Past Coursework

Analysis of Categorical Data

  • A comprehensive overview of methods of analysis for binary and other discrete response data, with applications to epidemiological and clinical studies. Topics discussed include 2x2 tables, tests of independence, measures of association, power and sample size determination, stratification and matching in design and analysis, interrater agreement, logistic regression analysis. We used SAS throughout the course.
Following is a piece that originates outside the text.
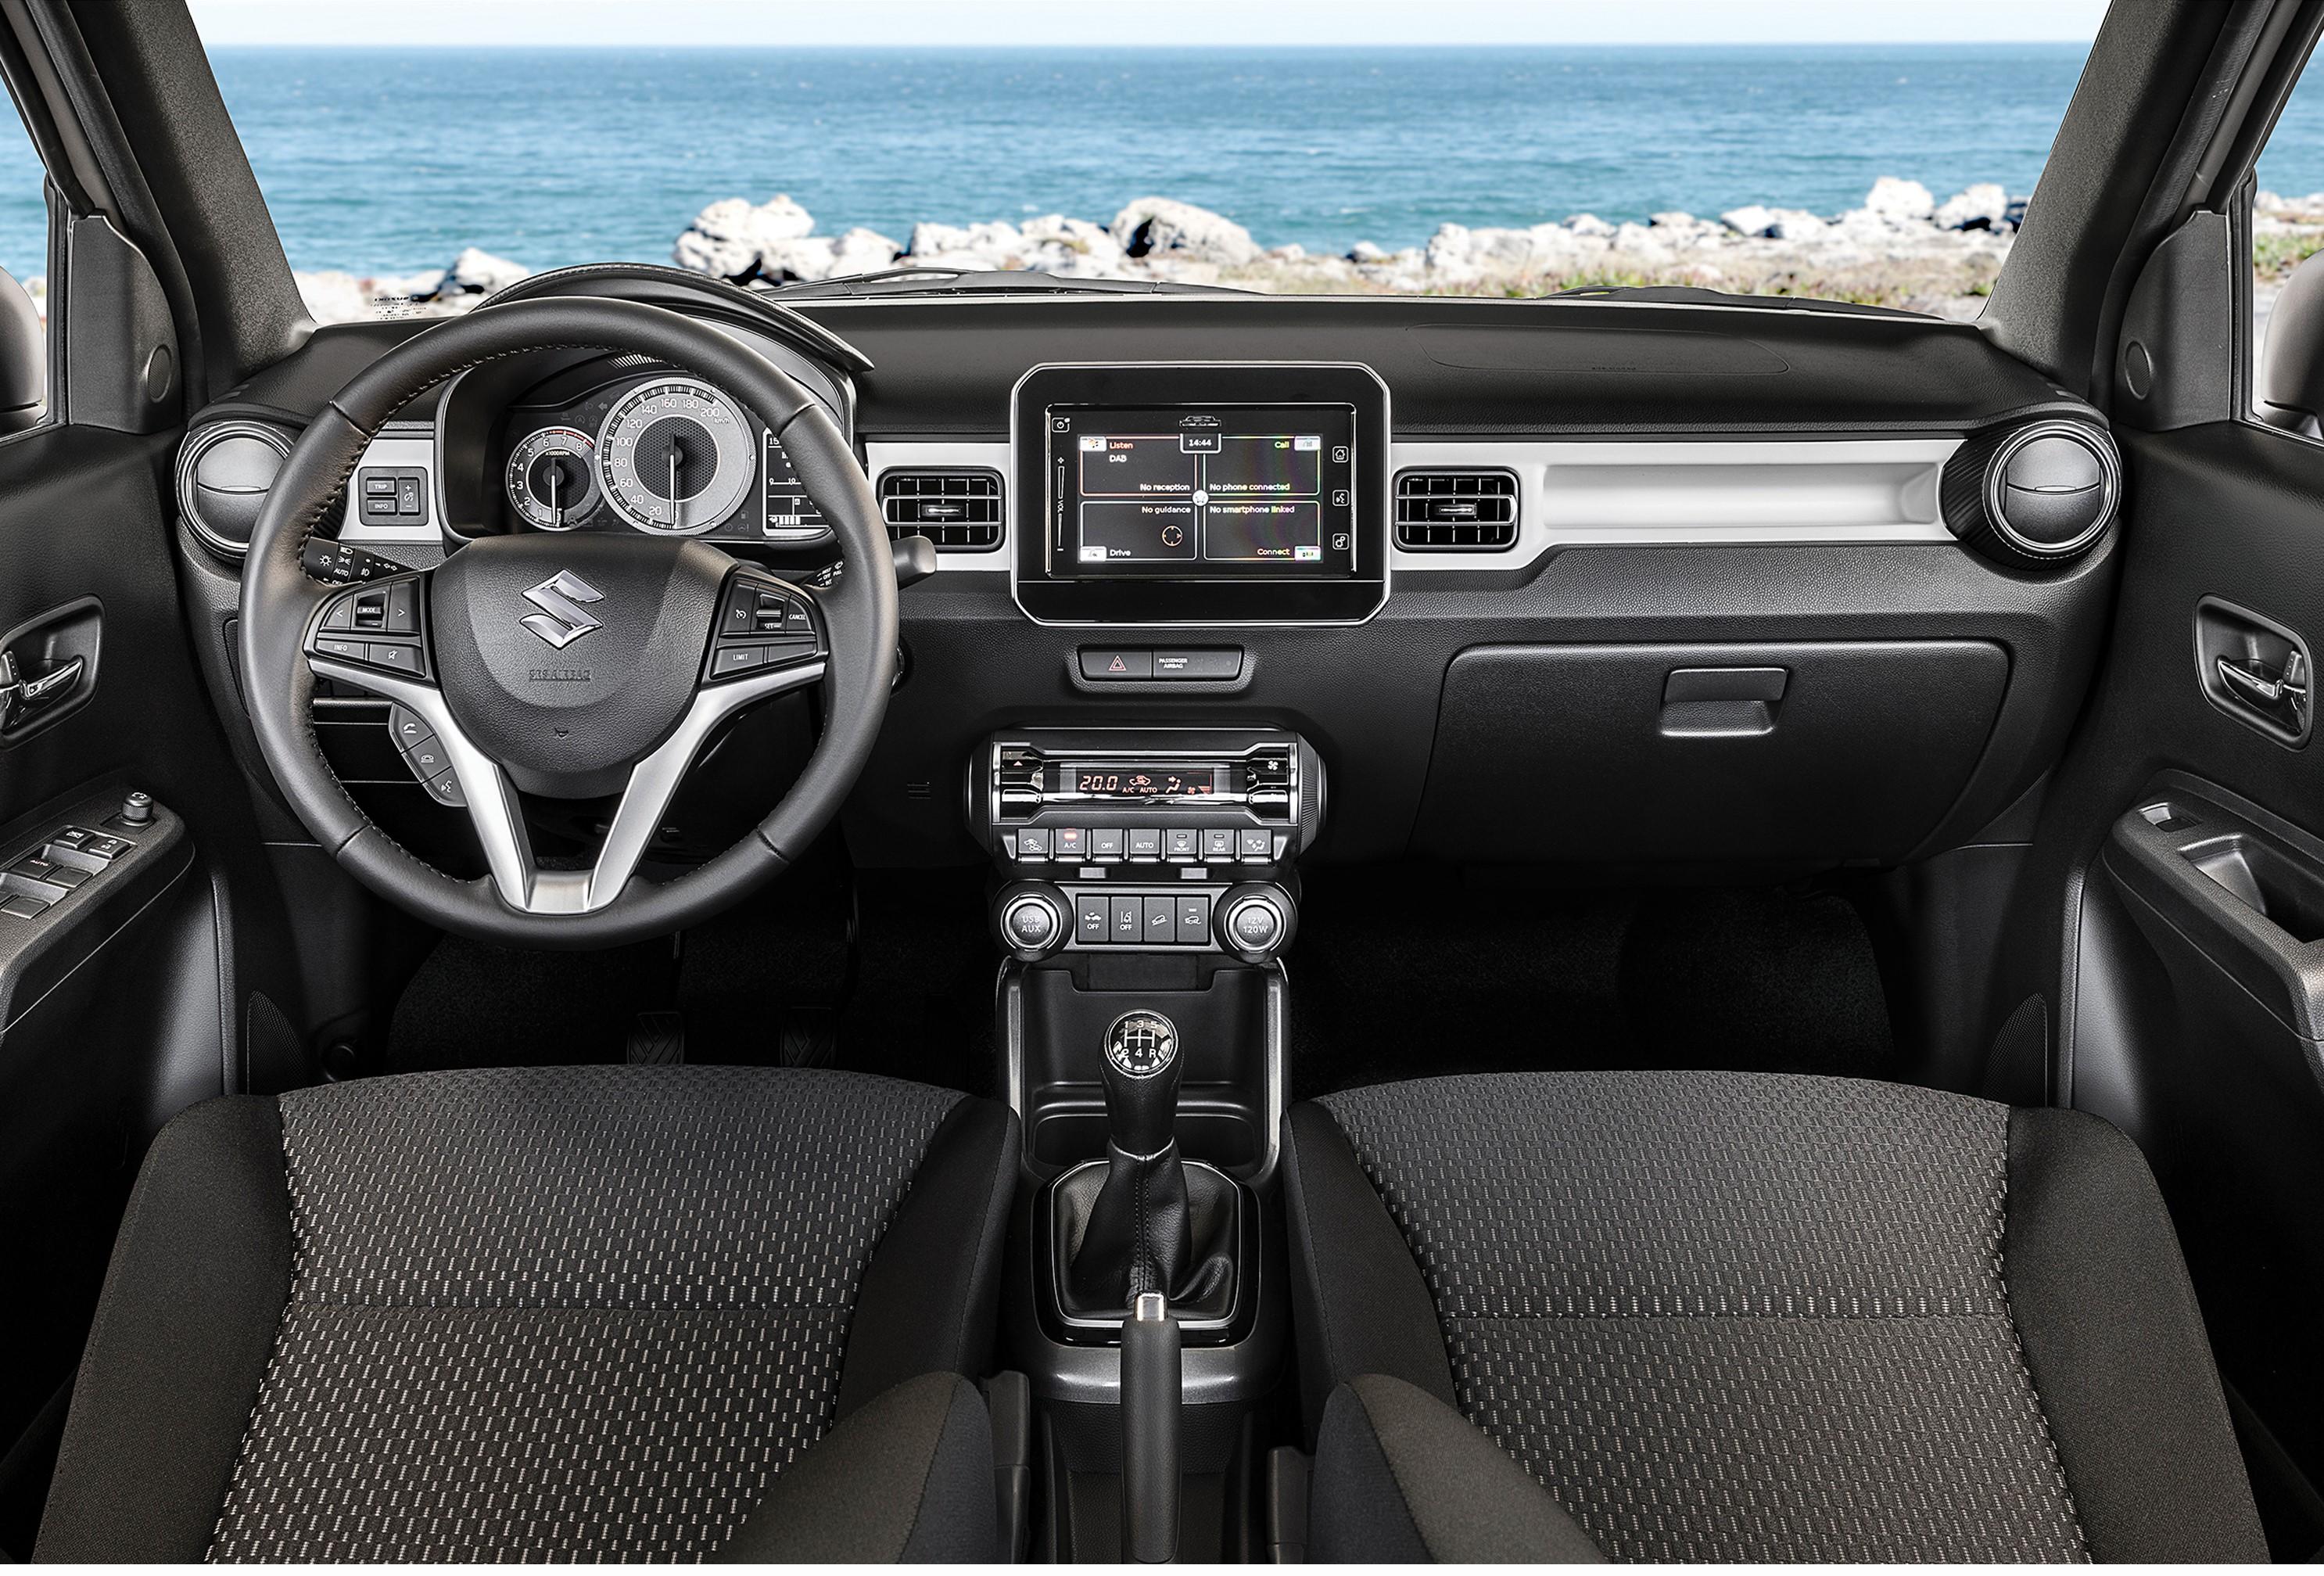 2020 Suzuki Ignis interior dashboard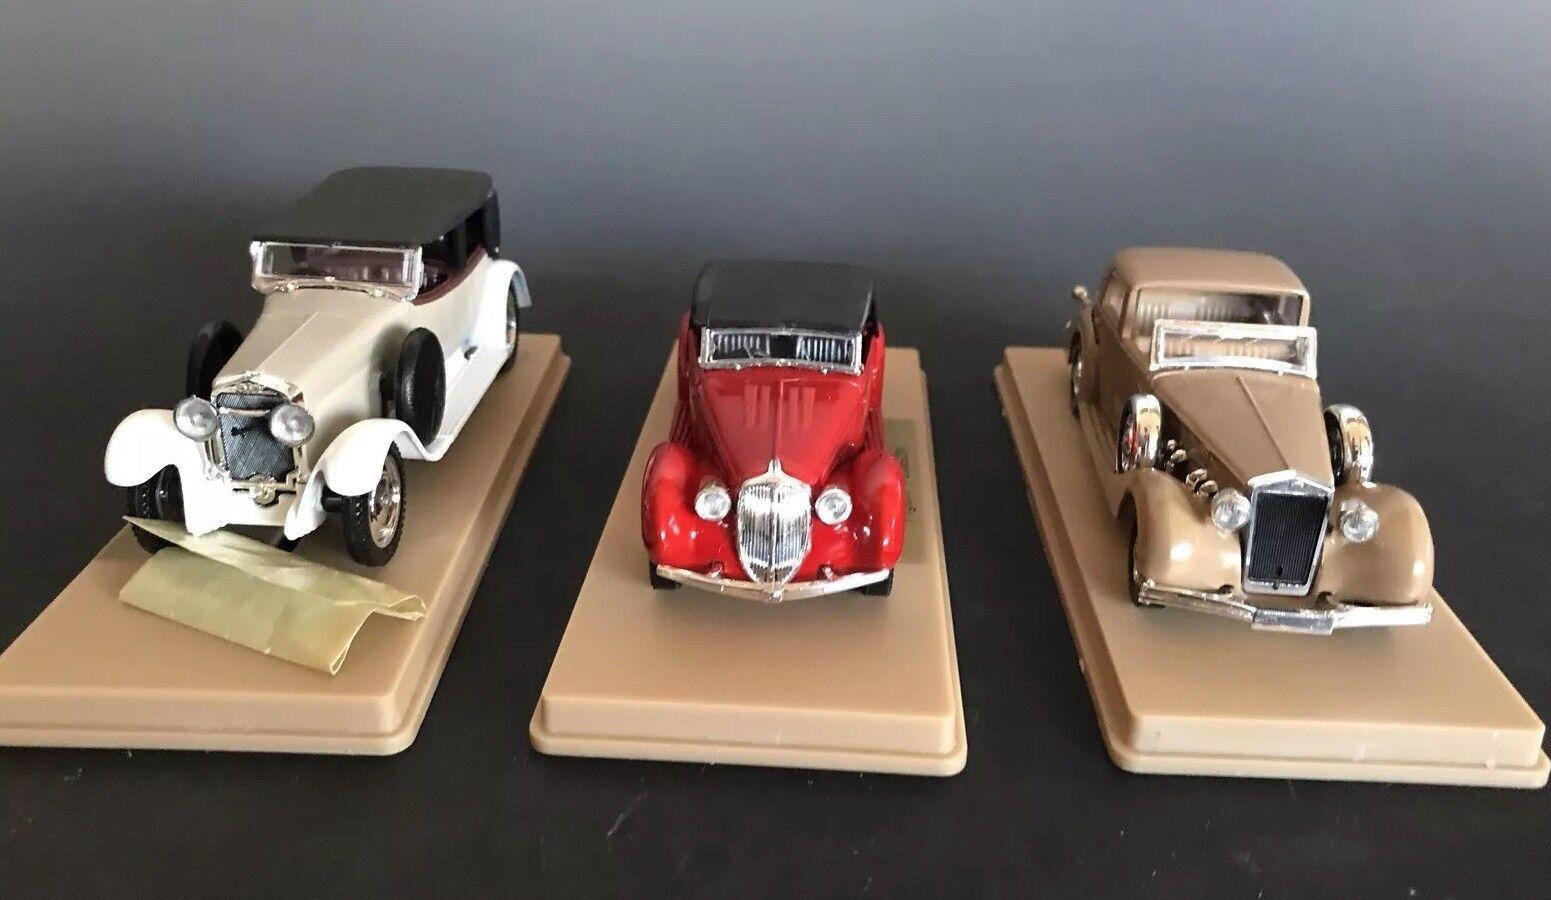 Solido Age D 'or Lote of.3 Colección Cars  1162, 1162, 1162, 1151, 1148 Con Cajas Originales e72b7f

Statistical Computing with SAS

  • This course provided introduction to the basics of statistical programming with SAS (Statistical Analysis System). The course proceeded from understanding data types, how to move data into and out of SAS, how SAS holds data, what a SAS data set looks like, to the basic programming concepts. We expanded our programming vocabulary, incorporated logic structures into programming, and investigated the use of existing SAS Procedures.

Data Science I

  • Contemporary biostatistics and data analysis depends on the mastery of tools for computation, visualization, dissemination, and reproducibility in addition to proficiency in traditional statistical techniques using R Studio. The goal of this course was to provide training in the elements of a complete pipeline for data analysis.

Applied Regression I

  • This course provided an introduction to the basics of regression analysis. The class proceeded systematically from the examination of the distributional qualities of the measures of interest, to assessing the appropriateness of the assumption of linearity, to issues related to variable inclusion, model fit, interpretation, and regression diagnostics. We will primarily use scalar notation (i.e. we used limited matrix notation). We used SAS throughout the course.

Current Coursework

Applied Regression II

  • This course will introduce the statistical methods for analyzing censored data, non-normally distributed response data, and repeated measurements data that are commonly encountered in medical and public health research. Topics include estimation and comparison of survival curves, regression models for survival data, logit models, log-linear models, and generalized estimating equations. Examples are drawn from the health sciences. We are using R and SAS throughout the course.

Data Science II

  • The course will introduce: concepts and methods in statistical learning; classification and regression techniques beyond linear methods; exploratory data analysis using methods in unsupervised learning; various statistical learning methods using R; a pipeline for predictive modeling: data preprocessing, model training, model interpretation.

Public Health GIS

  • The course will introduce students to the theory, software, and analytical techniques needed to effectively use GIS in public health. This includes the ability to visualize spatial data, identify significant clusters, utilize appropriate geoprocessing tools, and integrate spatial processes into regression analysis. By the end of the course, students will have a solid understanding of how GIS can be used to support decision making and analysis in public health.